SAN FRANCISCO – Advanced Micro Devices recently said rival chipmaker Intel’s plan to enhance PCI Express technology to address performance requirements from compute-intensive applications won’t make a difference

“It’s like having a Maserati out on the expressway at rush hour,” said John Fruehe, worldwide business development manager for AMD Opteron, who spoke to Computing Canada following Intel’s announcement that it and other vendors are working on the next generation of the PCI Express standard.

Pat Gelsinger, Intel’s senior vice-president and general manger of the digital enterprise group, made the announcement at a keynote address to thousands of developers attending the Intel Developer’s Forum (IDF) here. The proposal, codenamed “Geneseo,” describes enhancements that will enable faster connectivity between the processor and application accelerators. Improvements to the technology will allow it to better address the performance requ irements of certain applications that use visualization, math and physics and content processing usage models. These include weather modelling, data-intensive financial applications and encryption and decryption of communications infrastructure data.

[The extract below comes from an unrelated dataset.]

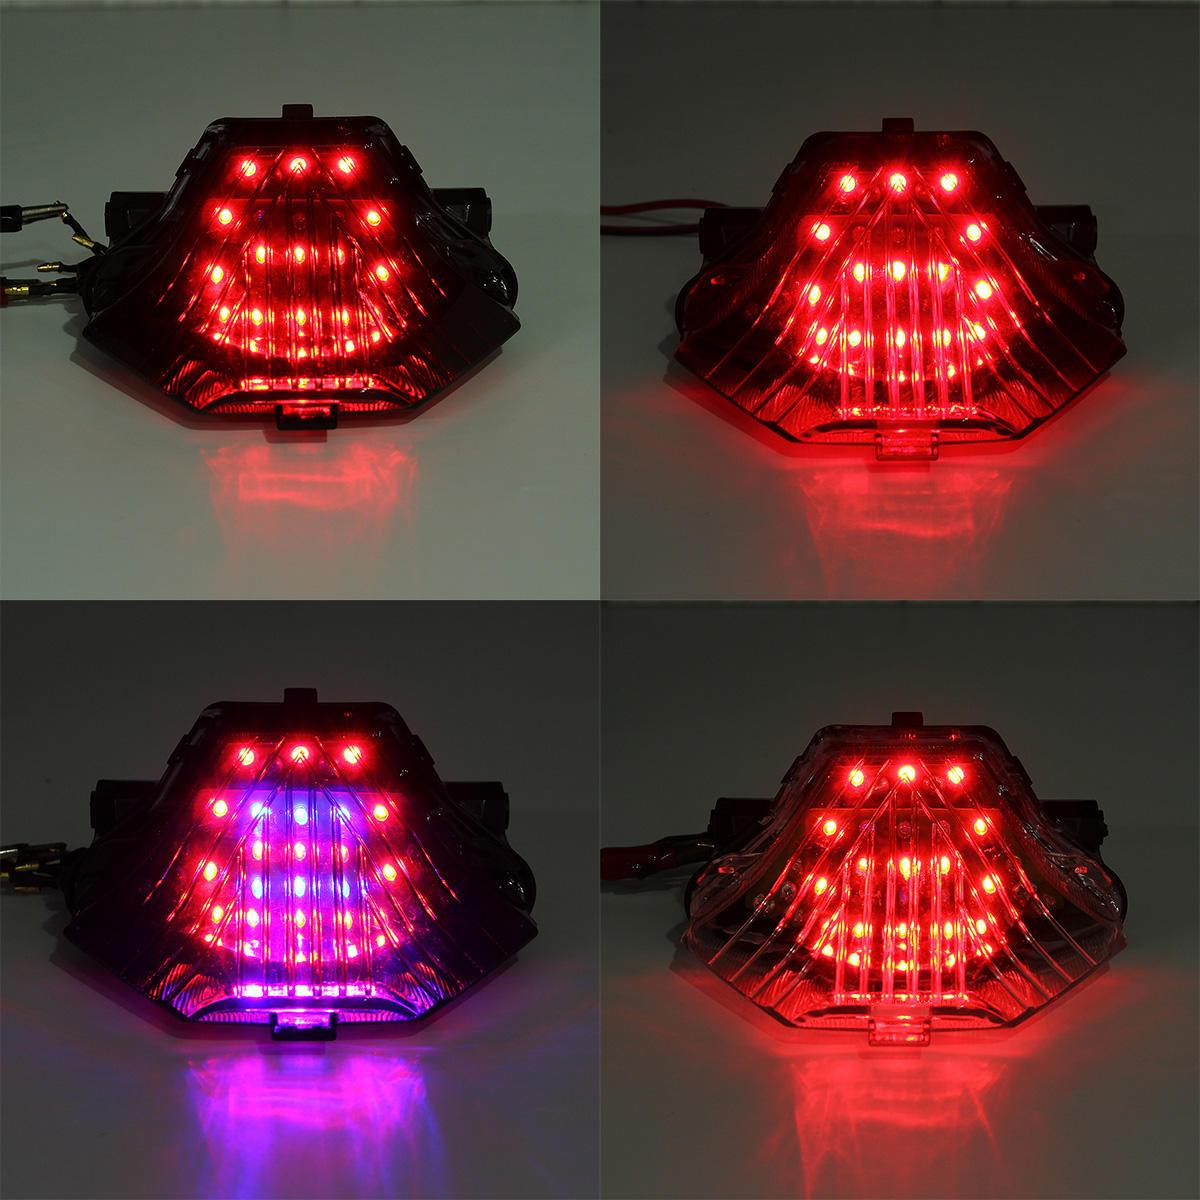 CNSUNNYLIGHT Car/Motorcycle LED Decoration Lights Emergency Signal Wings Lamp Projector Fog Warning - 2

Intel first brought PCI Express technology to the market with the launch of its 900-series chipsets in 2004. But the emergence of encryption, visualization and XML is driving new requirements from server platforms. IBM is co-founding the proposal. In a panel discussion following the keynote, Tom Bradicich, CTO, System X and BladeCenter Servers at IBM, likened the relationship of the processor to application accelerators to moving into a neighbourhood and wanting to be close to shopping, for example.

“If you’d like to live near shopping and you needed intimacy with other I/O accelerators or if you want some remote memory application, then that makes a lot of sense,” Bradicich said. “You want to be closer to your work or school. It can’t be possible to be closer to both.”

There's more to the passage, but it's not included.